Girard is one of Canada’s preeminent legal historians. His extensive work, including many important books, has made a significant contribution to scholarship in Canadian legal history.

His most recent book, co-authored with University of Toronto law Professor Jim Phillips and Saint Mary’s University history Professor Blake Brown, is A History of Law in Canada, vol. I, beginnings to 1866 (Toronto: University of Toronto Press for the Osgoode Society, 2018), which received a Walter Owen Prize from the Foundation for Legal Research and honourable mention for the Wesley Pue Canadian Law and Society Association Prize. This is the first synoptic overview of the history of law in Canada that takes readers through the development of the three streams of Canadian legal traditions: Indigenous legal orders, civil law and common law. Other publications include Lawyers and Legal Culture in British North America: Beamish Murdoch of Halifax (Toronto: University of Toronto Press for the Osgoode Society,  2011), winner of the Clio-Atlantic Prize awarded by the Canadian Historical Association; and Bora Laskin: Bringing Law to Life (Toronto: University of Toronto Press for the Osgoode Society, 2005) for which he was awarded the  Champlain Society’s Floyd S. Chalmers Award 2006, for best book published on Ontario history in previous year, and shortlisted for the John A. Macdonald Prize 2006, for best book published on Canadian history in 2005.
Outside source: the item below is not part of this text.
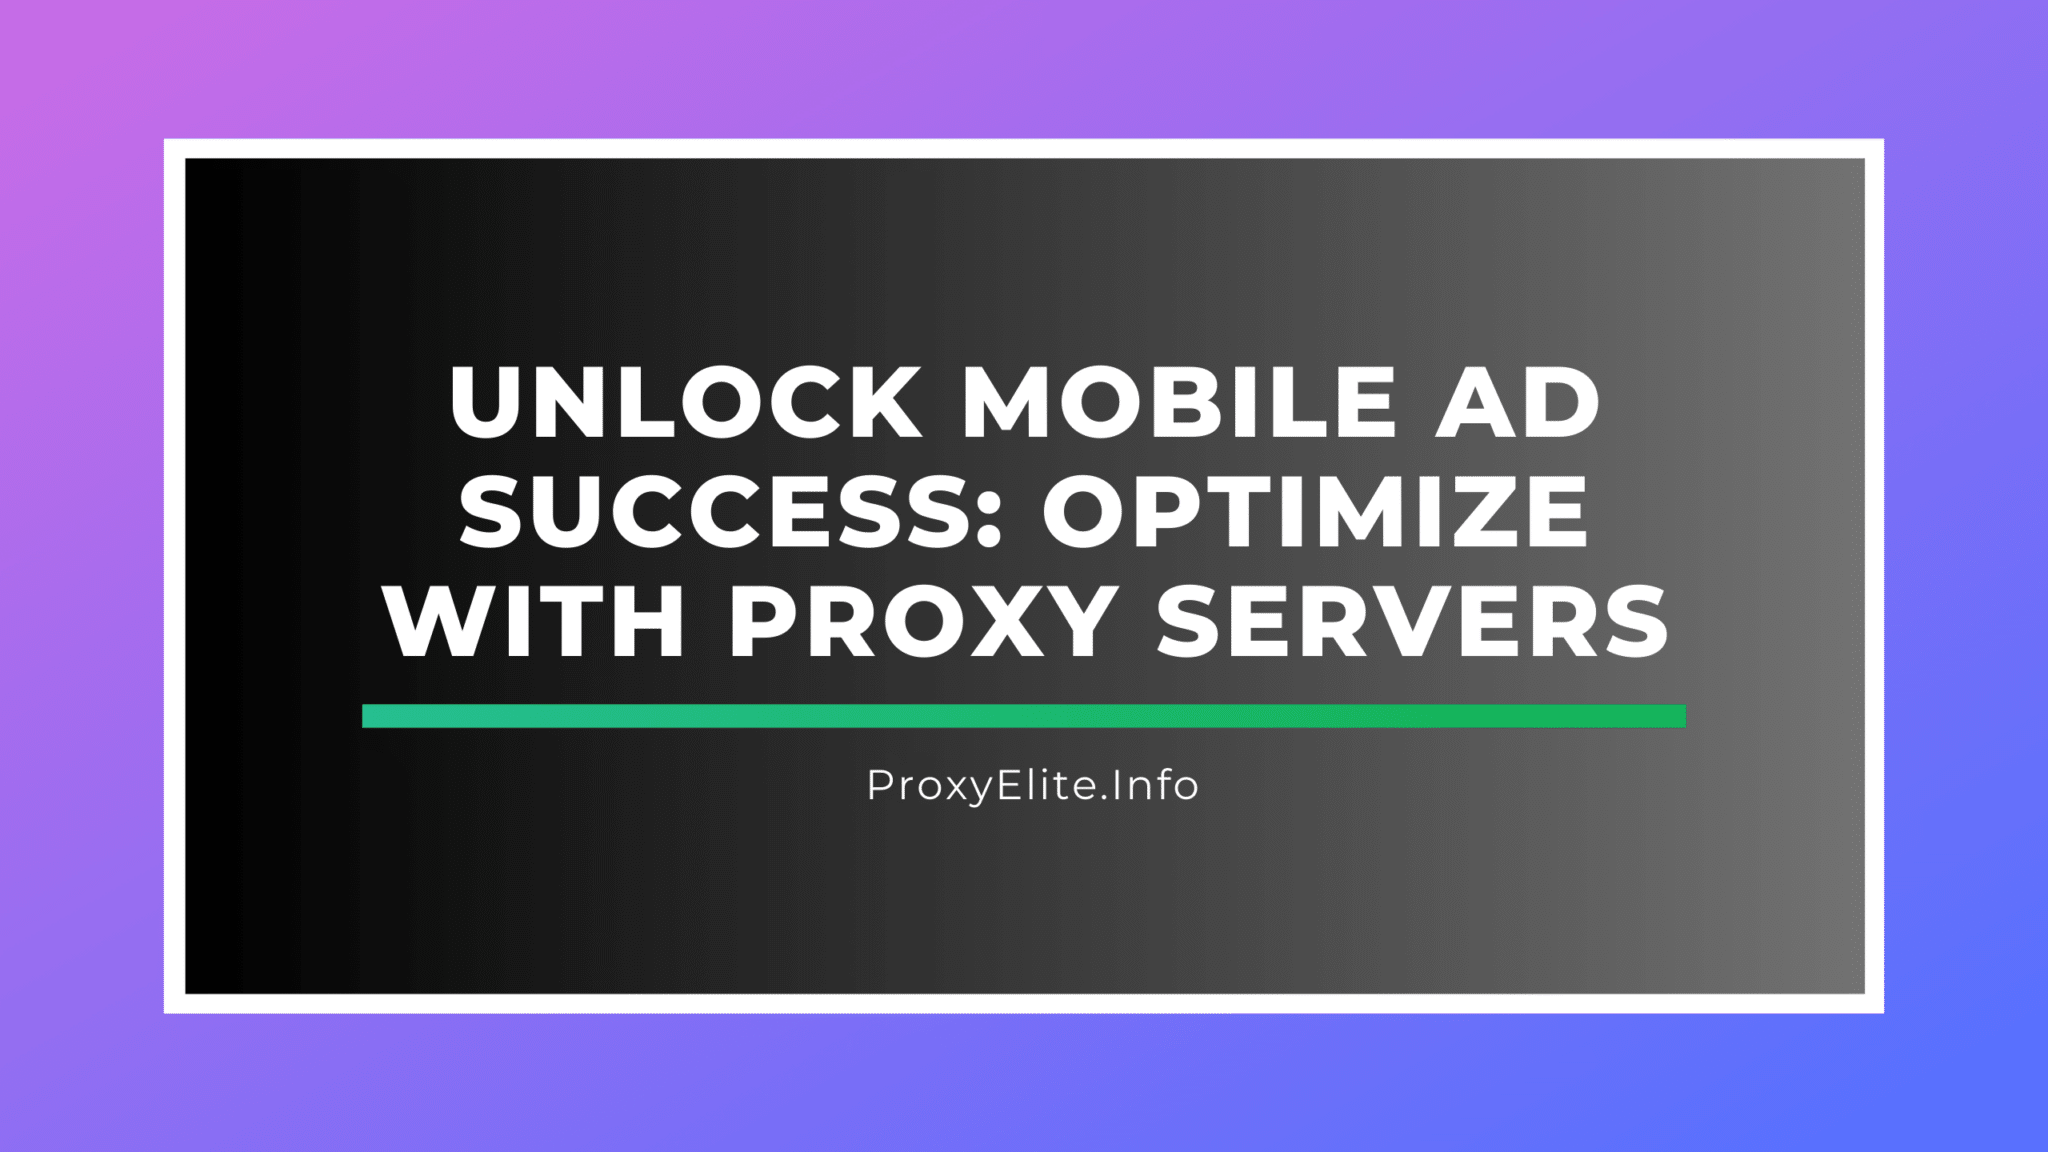 Für den Erfolg mobiler Werbung sorgen: Optimierung mit Proxy-Servern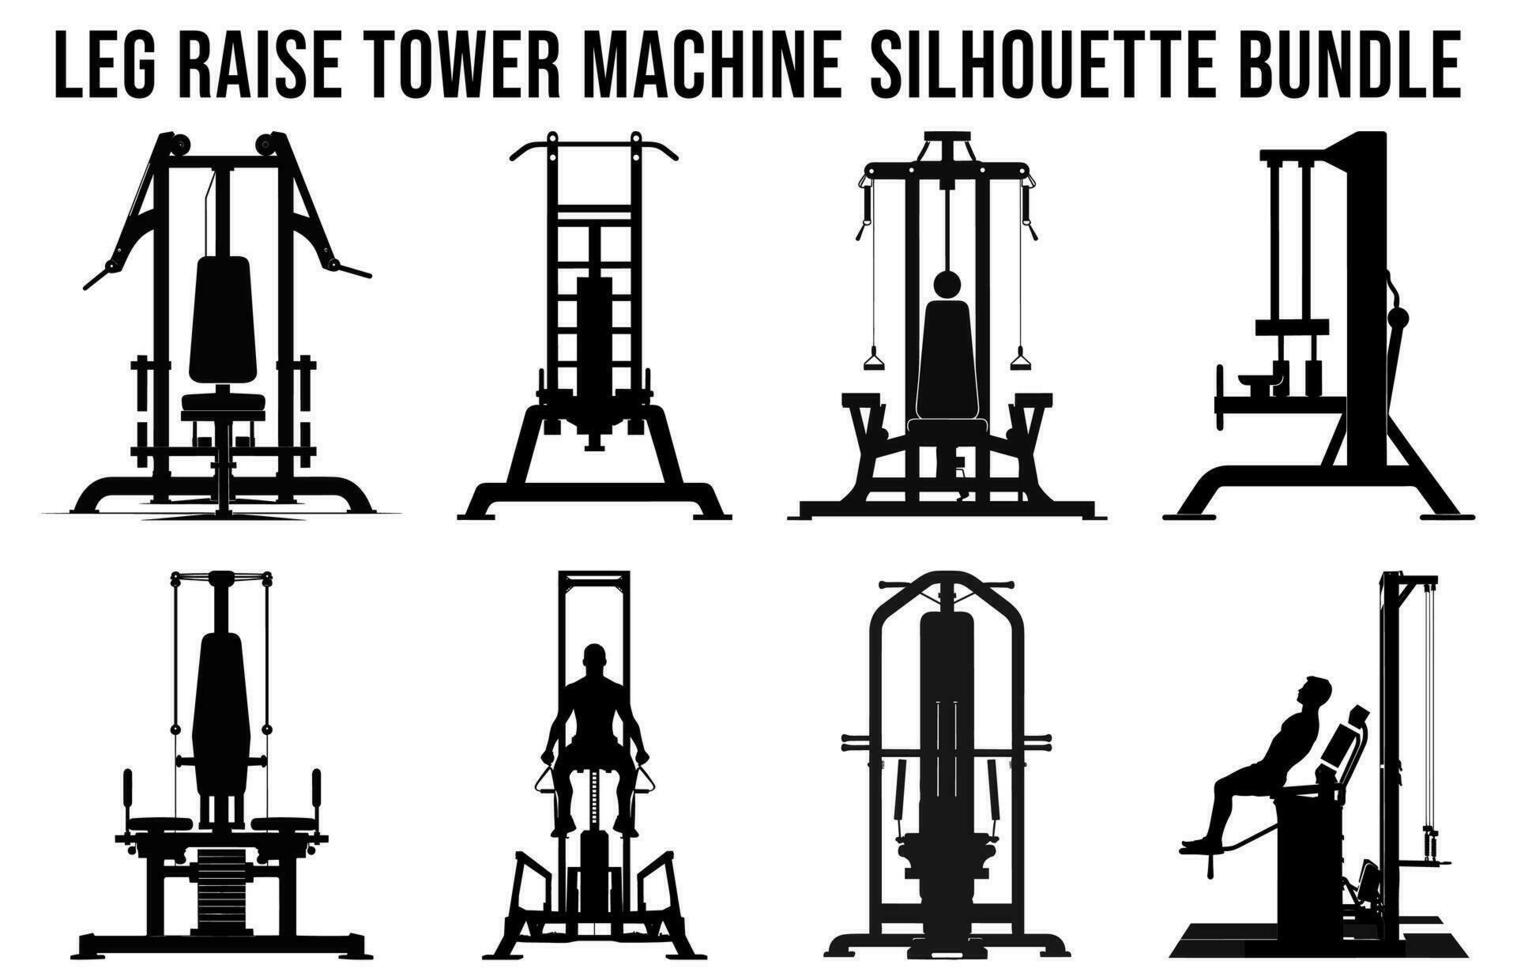 vrij Sportschool machine silhouetten vector bundel, geschiktheid element machine illustratie bundel

He is also editor with Phillips of two collections on Nova Scotia legal history: The Supreme Court of Nova Scotia, 1754-2004: From Imperial Bastion to Provincial Oracle (2004), and Essays in the History of Canadian Law: Volume III, Nova Scotia (1990), both published by the University of Toronto Press for the Osgoode Society. Girard is the author of numerous refereed journal articles and book chapters. Girard serves as the associate editor-in-chief to the Osgoode Society for Canadian Legal History.

Established in 1986 by former Ontario Attorney General Ian Scott, the Mundell Medal honours the memory of David Walter Mundell, a renowned constitutional lawyer and the first director of the ministry’s Constitutional Law Branch.